One night in north Minneapolis it took 20 minutes for first responders to arrive. We administered CPR and revived a young man well before then.

Another overdose intervention involved a young African American woman whose friend had overdosed the night before. After we treated her she told me, “I took the same pills my friend OD’d on last night.” Some of these overdoses might actually be suicides.

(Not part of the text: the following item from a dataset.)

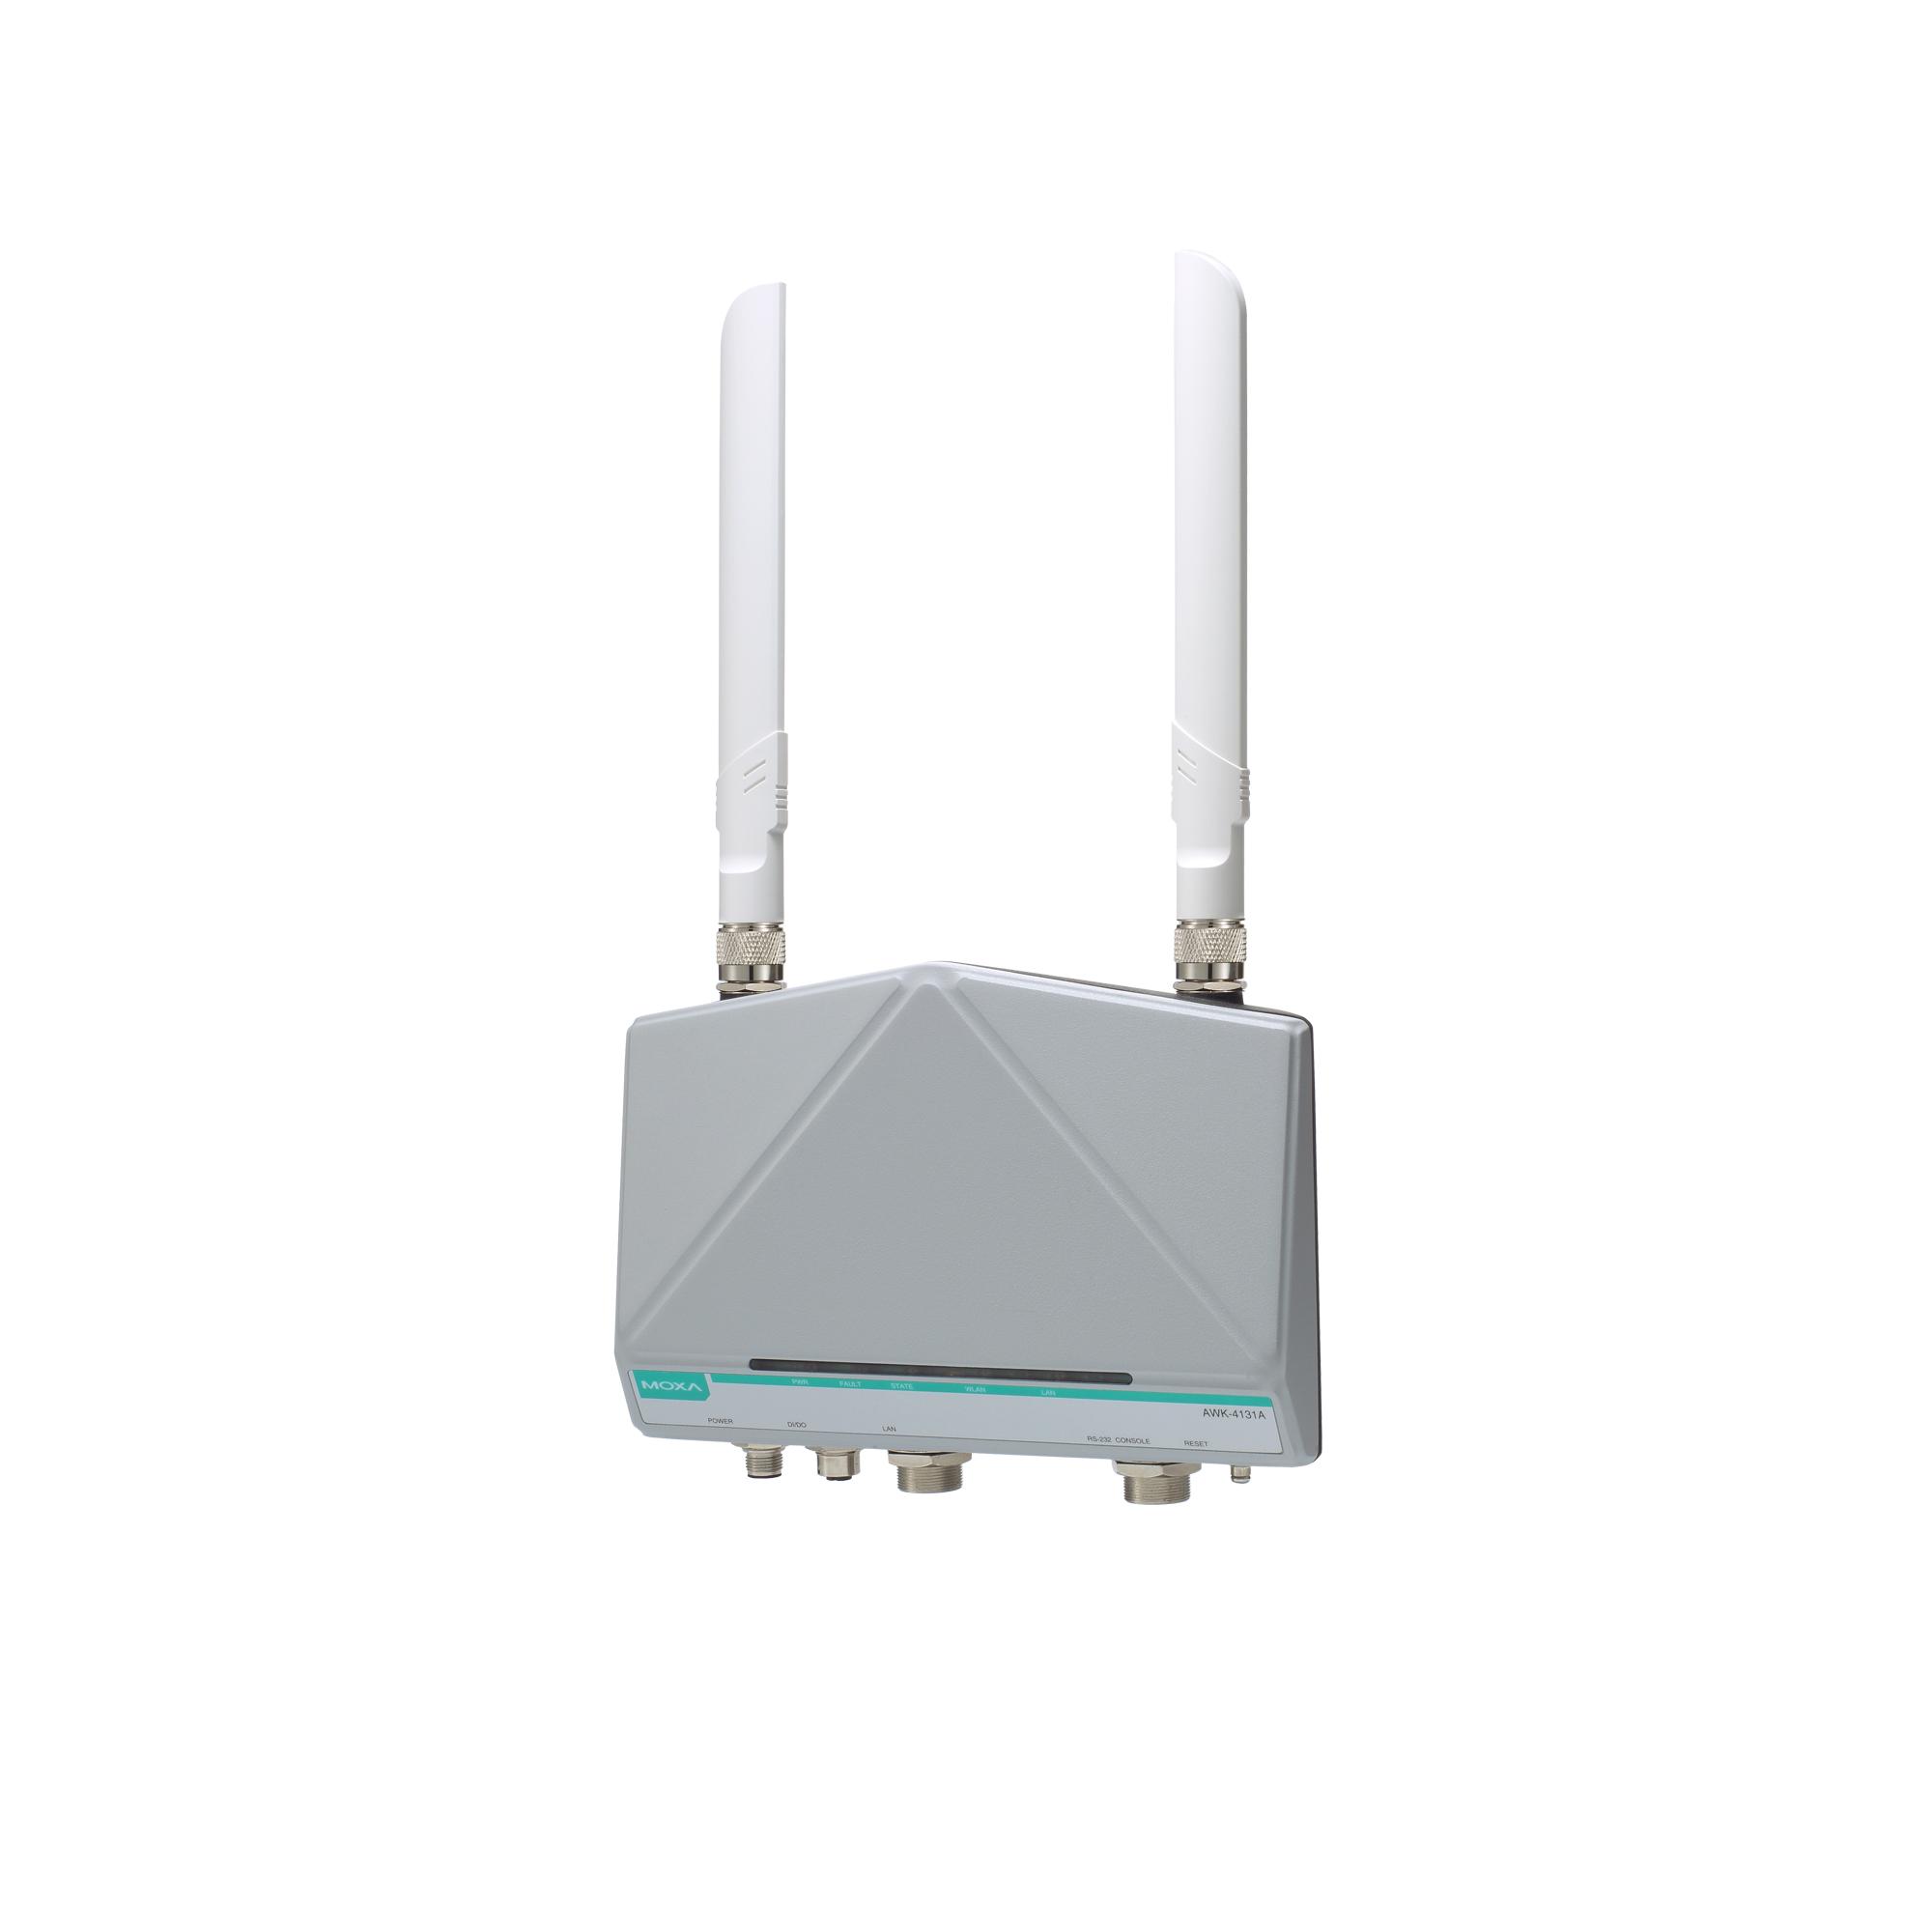 AWK-4131A Series - WLAN AP/Bridge/Client | MOXA

Our American health care system is broken, with a severe shortage of access to psych beds. Only 10% of people with opioid substance abuse disorder can gain access to treatment. Our correctional facilities are our modern day asylums. Our emergency rooms are burdened with people struggling with mental illness and addiction waiting for a psych bed to open. There is a significant shortage of supportive transitional housing for people leaving treatment and re-entering society after being incarcerated.

One of the factors that contributes to these systemic barriers to treatment is insurance companies failing to abide by the late Sen. Paul Wellstone’s legacy bill, the Mental Health Parity and Addiction Equity Act of 2008. Humana and Health Partners were recently fined with only the equivalent of a speeding ticket for violating federal law. The Legislature and the Attorney General’s Office should increase penalties for such offenses, which could very well contribute to premature and preventable deaths.

Glaring health care disparities confront our African American and Native American residents, who do not receive treatment at the same levels as white patients. One specialist in African American addictions has stated: “Our epidemic was ignored for the most part … our population was always treated as a moral, criminal problem.”

We must do much more to prevent these deaths. In addition to addressing the racial/ethnic health care disparities, we need leaders at every level of government to help confront the stigma and shame surrounding mental health and addiction. The brain is a human organ; its diseases should be treated with the same level of concern and compassion as any other medical condition. This moral overhaul of our health care system’s approach to mental health would be in the spirit of Wellstone’s legacy bill.

No more stigma, no more shame, more love and compassion for these diseases of the brain.

Howard Dotson is a health care chaplain with the Twin Cities Crisis Response Team.